# Work item:
Without the pictures, repeat the listing character for character.

(Beginning of Supplied data)

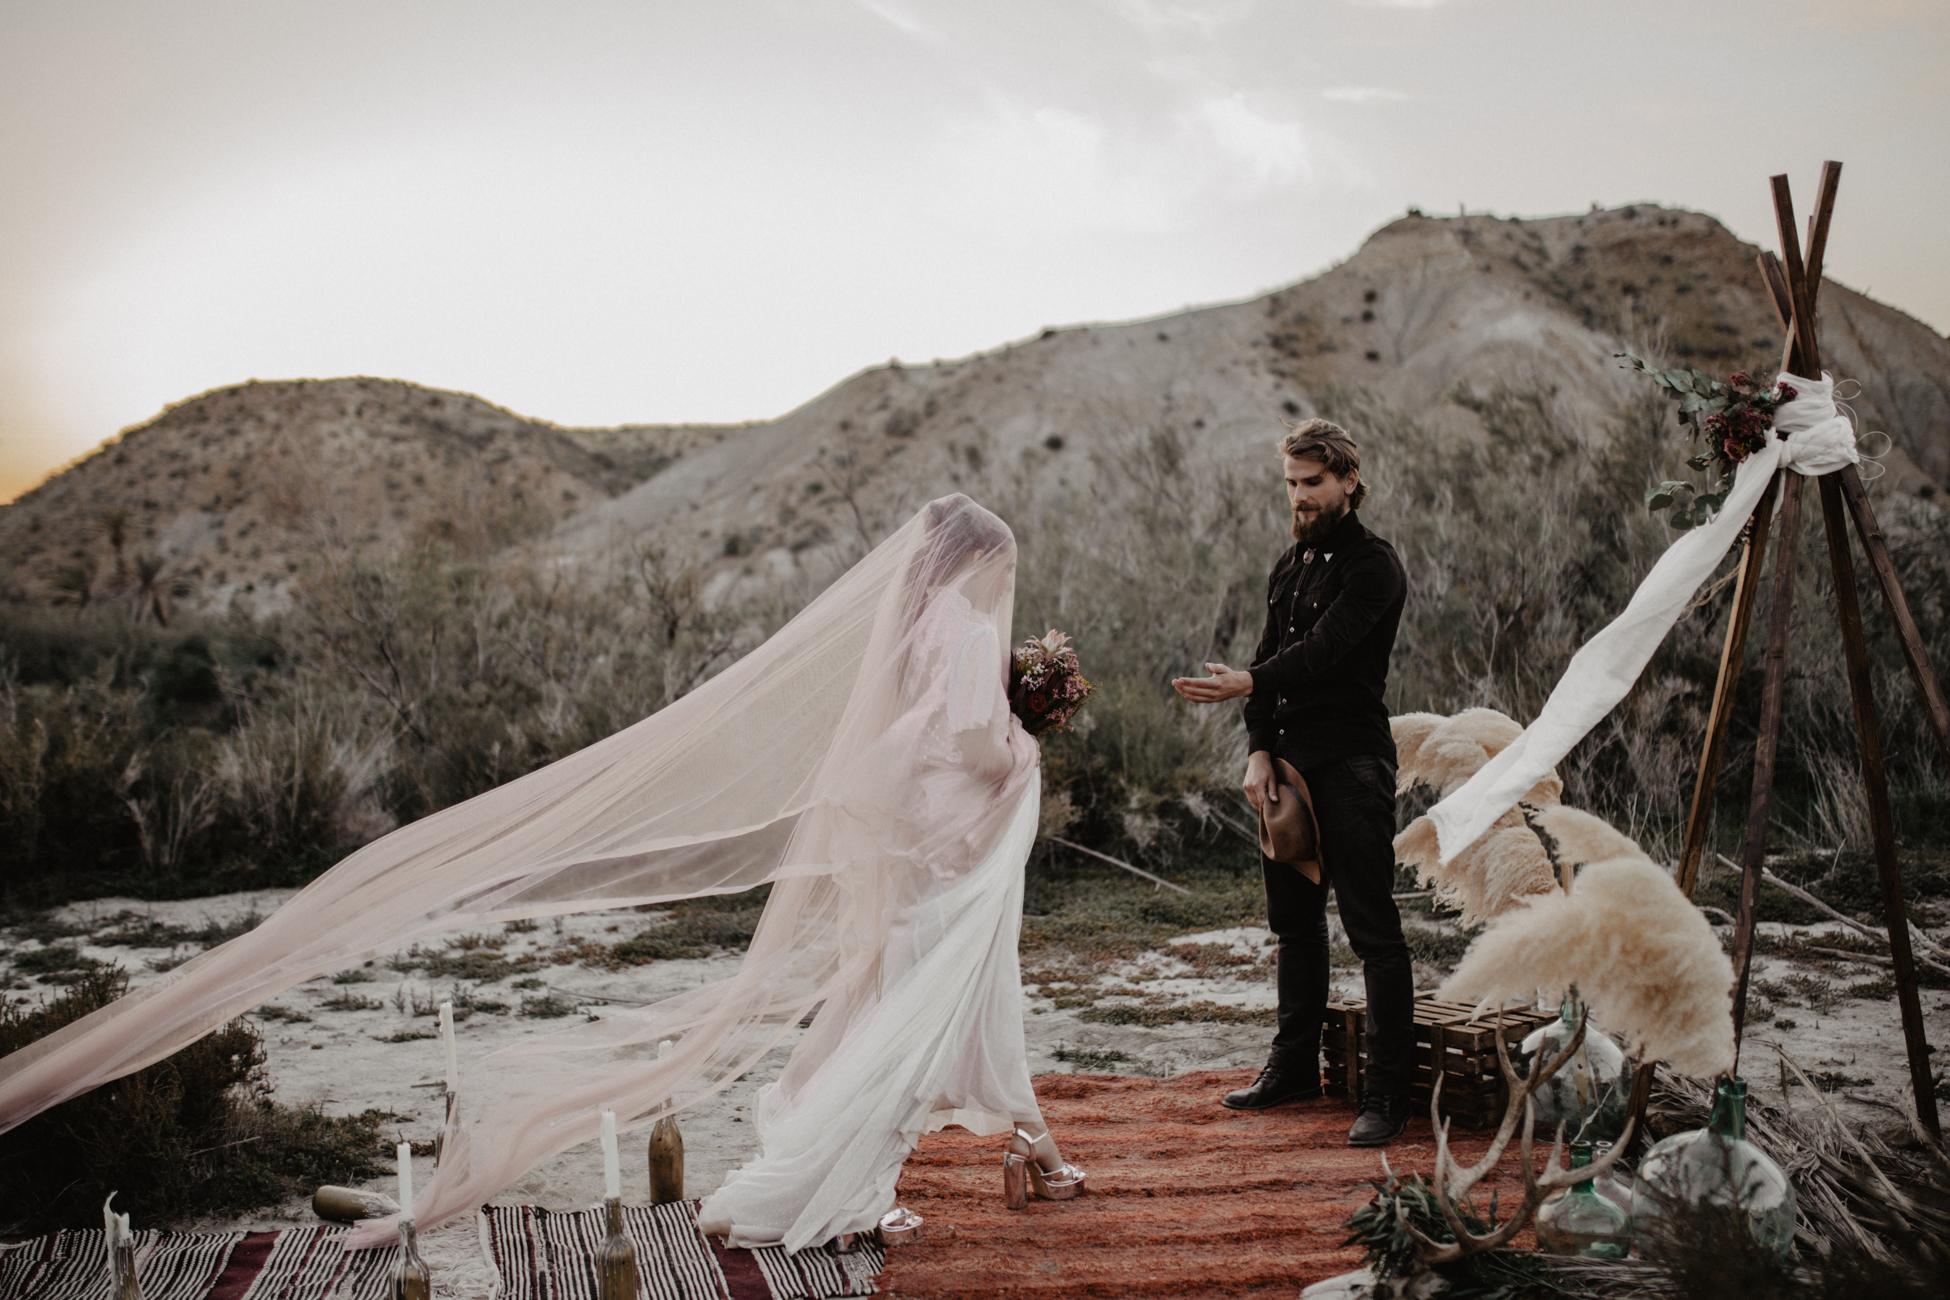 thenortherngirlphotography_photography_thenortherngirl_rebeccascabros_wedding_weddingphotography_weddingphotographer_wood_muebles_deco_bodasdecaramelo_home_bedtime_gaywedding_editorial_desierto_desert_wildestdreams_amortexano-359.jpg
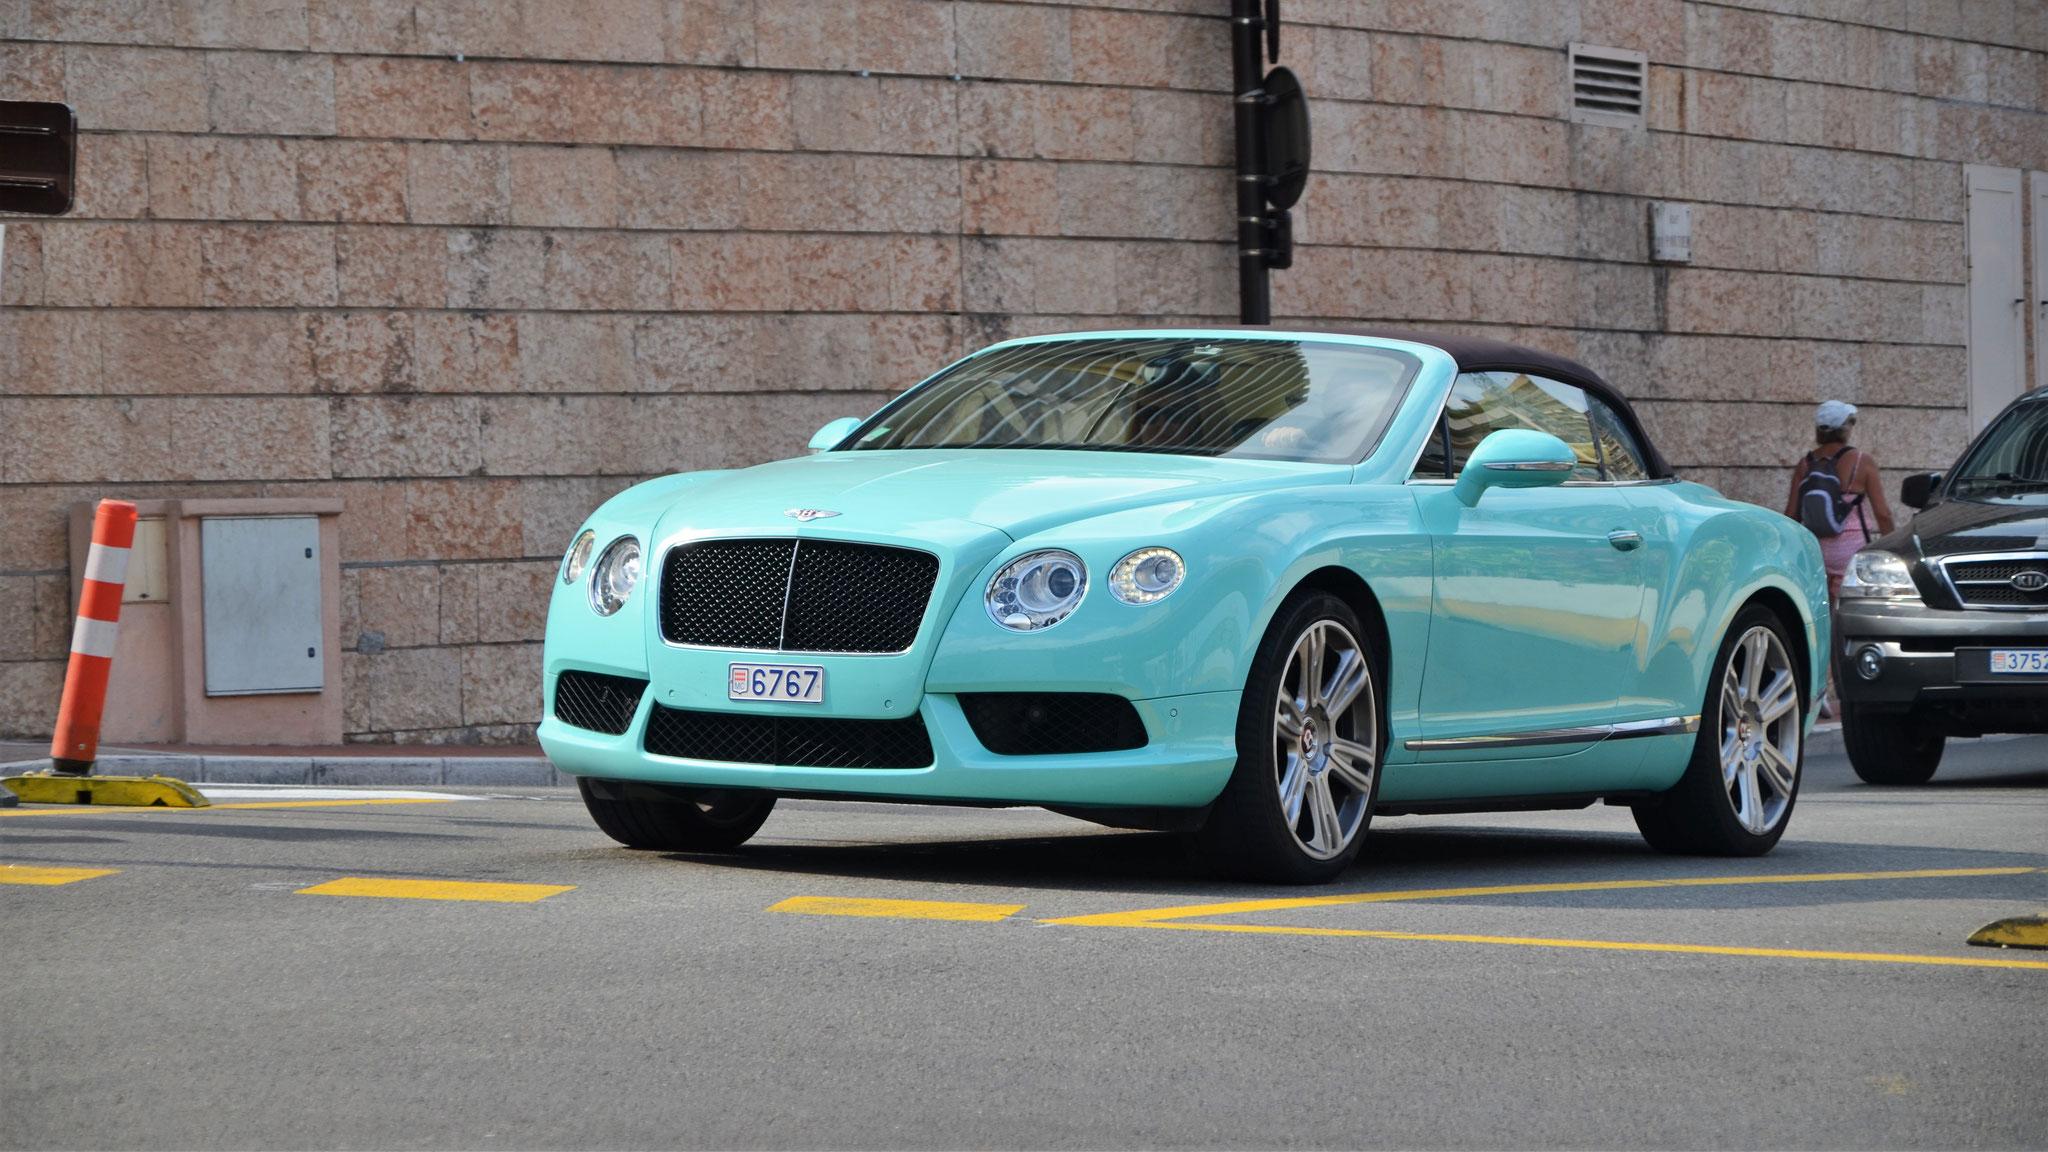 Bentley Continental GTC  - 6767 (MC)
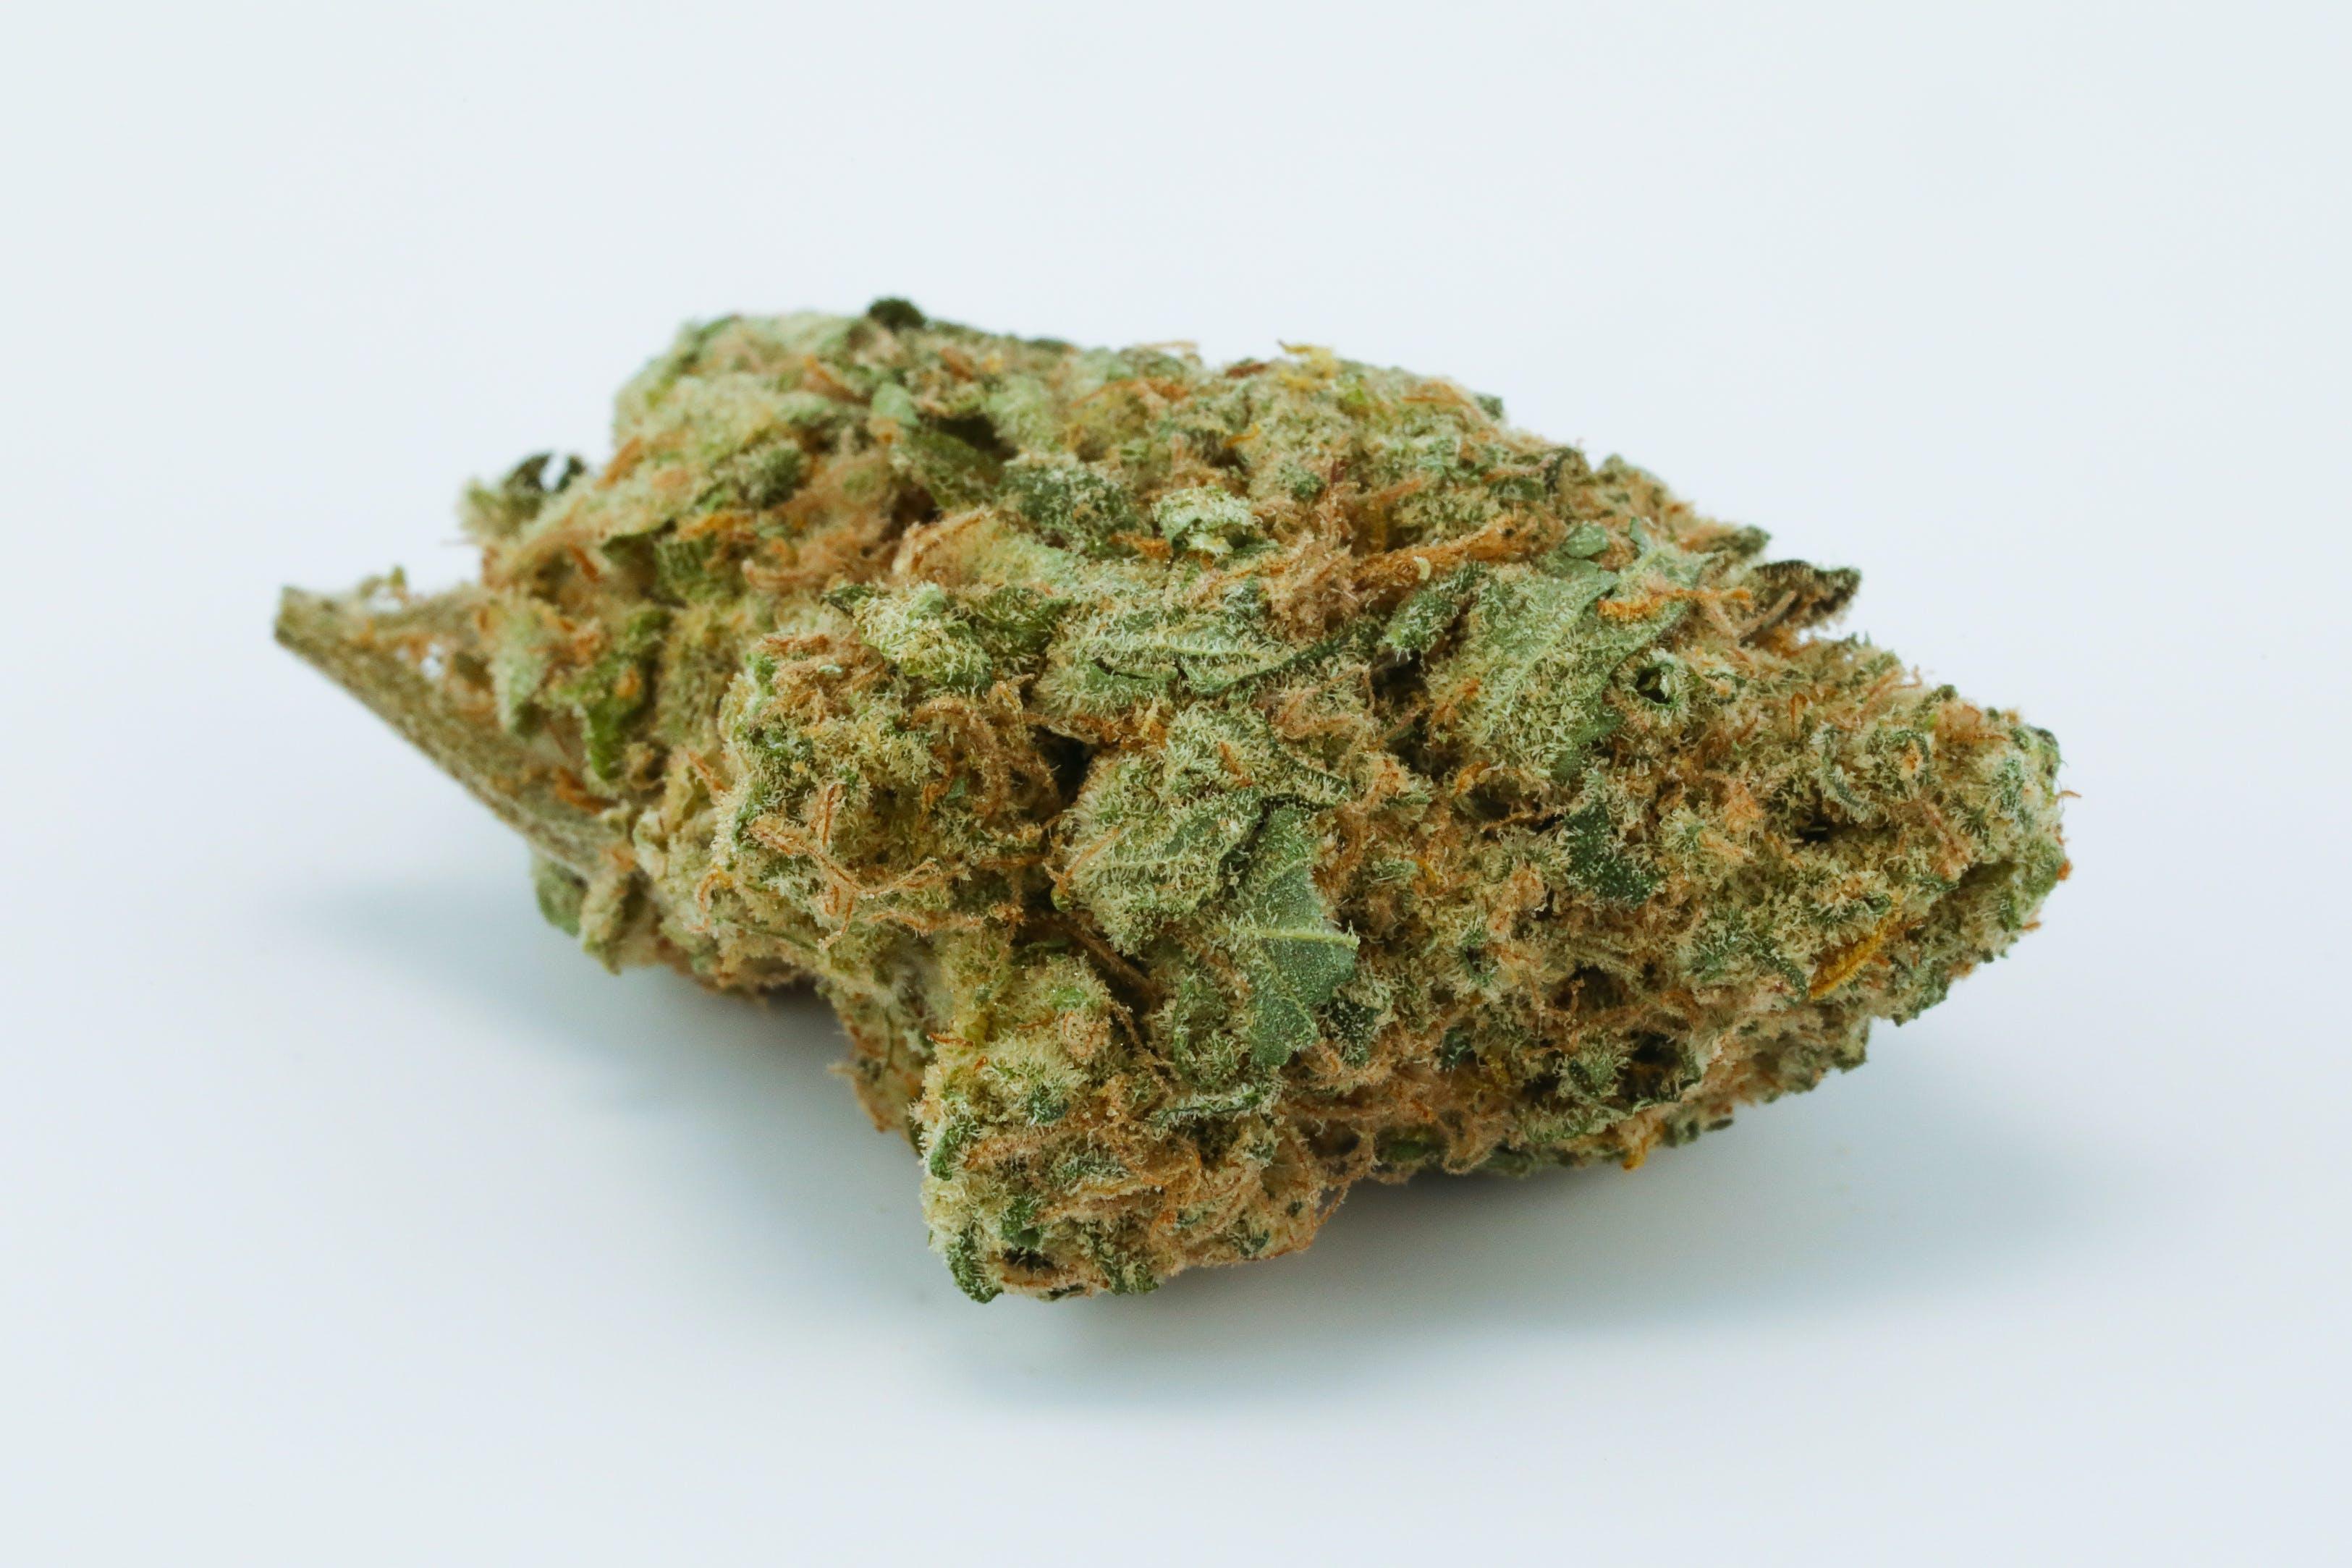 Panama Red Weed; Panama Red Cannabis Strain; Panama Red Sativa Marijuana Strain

(End of Supplied data)

# Task response:
 thenortherngirlphotography_photography_thenortherngirl_rebeccascabros_wedding_weddingphotography_weddingphotographer_wood_muebles_deco_bodasdecaramelo_home_bedtime_gaywedding_editorial_desierto_desert_wildestdreams_amortexano-359.jpg
 Bentley Continental GTC  - 6767 (MC)
 Panama Red Weed; Panama Red Cannabis Strain; Panama Red Sativa Marijuana Strain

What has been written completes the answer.